I remember the great swede / turnip debate in the UK, then we Scots threw  'neeps' into the argument just to screw with people's minds!

 

2 hours ago, liuzhou said:

My problem with 'bok choy' or 'bok choi', however you spell it, is that it's almost meaningless in Chinese. My problem; not yours.

Bok Choy is Cantonese, a language spoken by 4.5% of Chinese people. The majority language is what you probably know as Mandarin Chinese, another unknown term in China.

 

In Mandarin, it is 白菜 (bái cài) which literally means 'white vegetable', but more pragmatically just means 'brassica'. It covers literally scores of vegetables.

So when you tell me something is bok choy, I have no idea what you are talking about. But one thing I do know. What most Americans and British etc call 'baby bok choy' is never called that in China!

As I already said, and before the wicked witch berates me again, I repeat - call it what you will, but please try to understand my confusion.
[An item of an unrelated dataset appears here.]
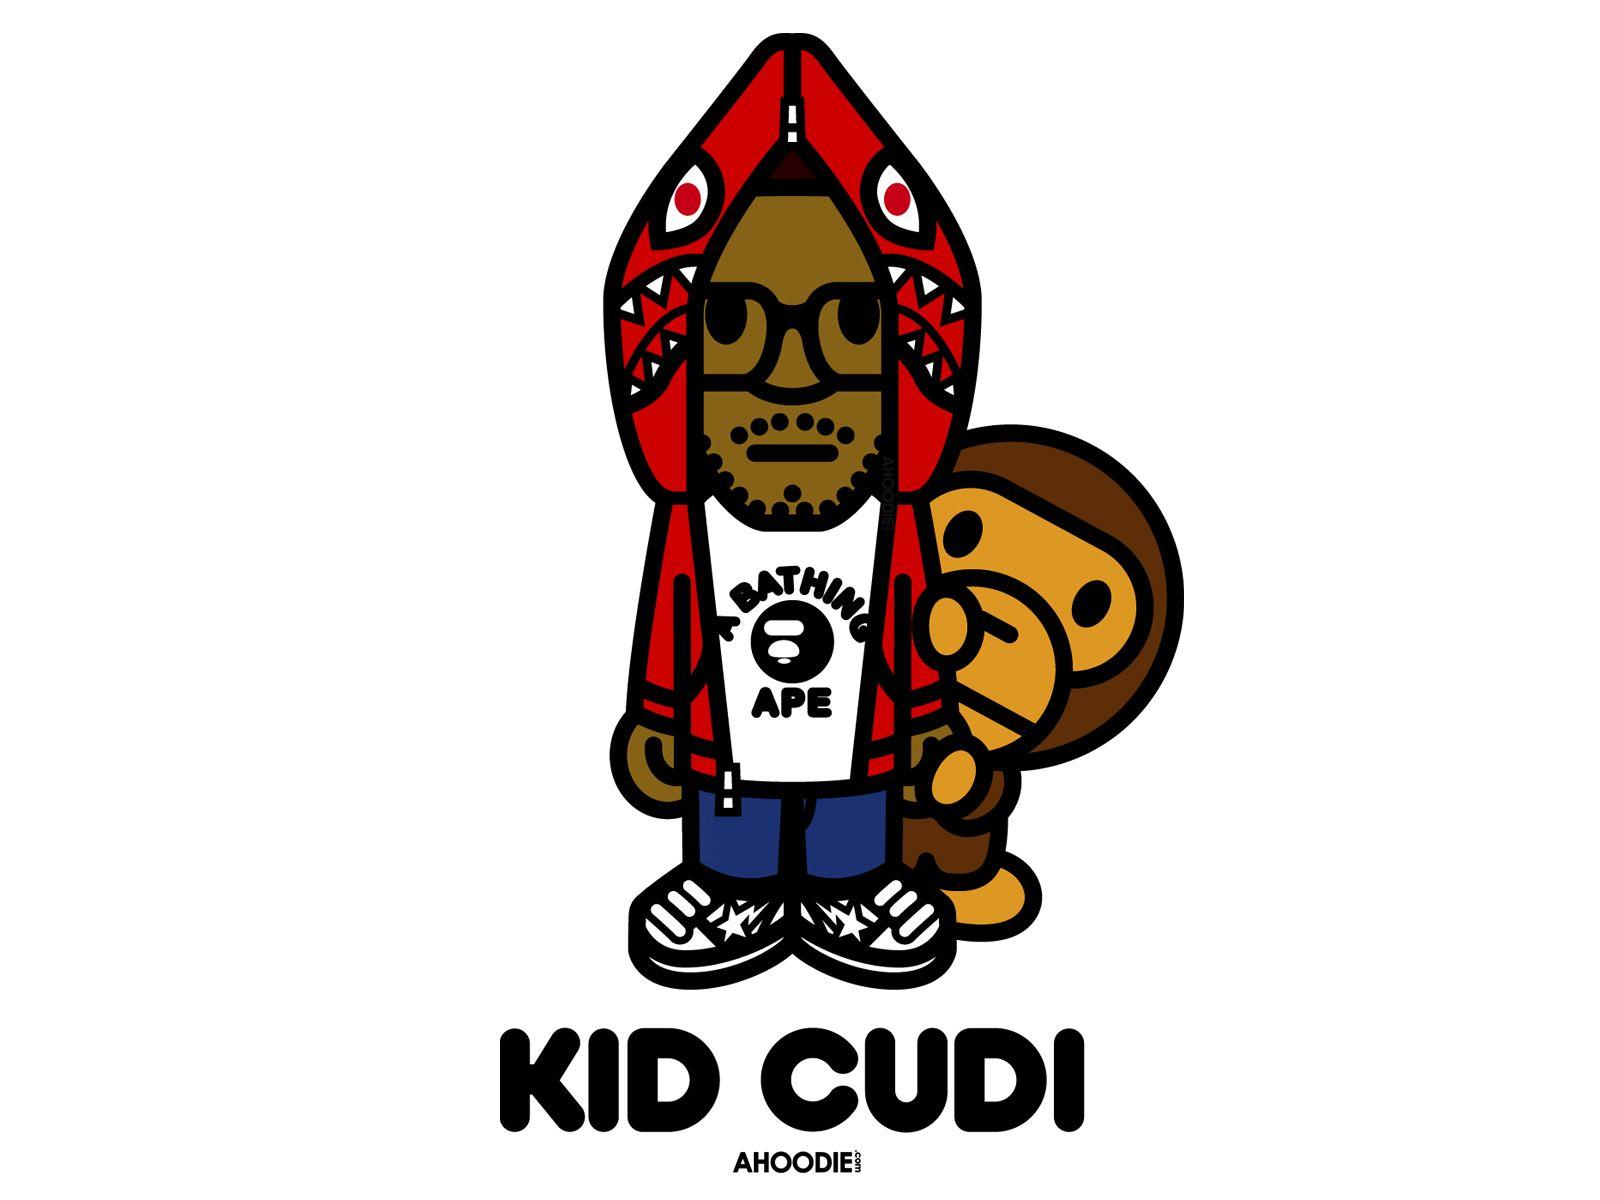 7577197cc Kid Cudi is my favorite artist and

The confusion over the various greens seems ubiquitous. Several Asian or Chinese cookbooks that I have provide illustrations of all kinds of leafy greens, cabbages, etc. One book contradicts another, and so on seemingly endlessly. And the best I can do is let you know what my market (big and popular but not specifically Asian) calls my preferred "cabbage." Shopping in Oakland Chinatown, where the variety of leafy greens is enormous or course,  I just have to go by what I like and not worry about what it is called. If it is lovely and fresh it is worth a chance, since these greens never break the bank.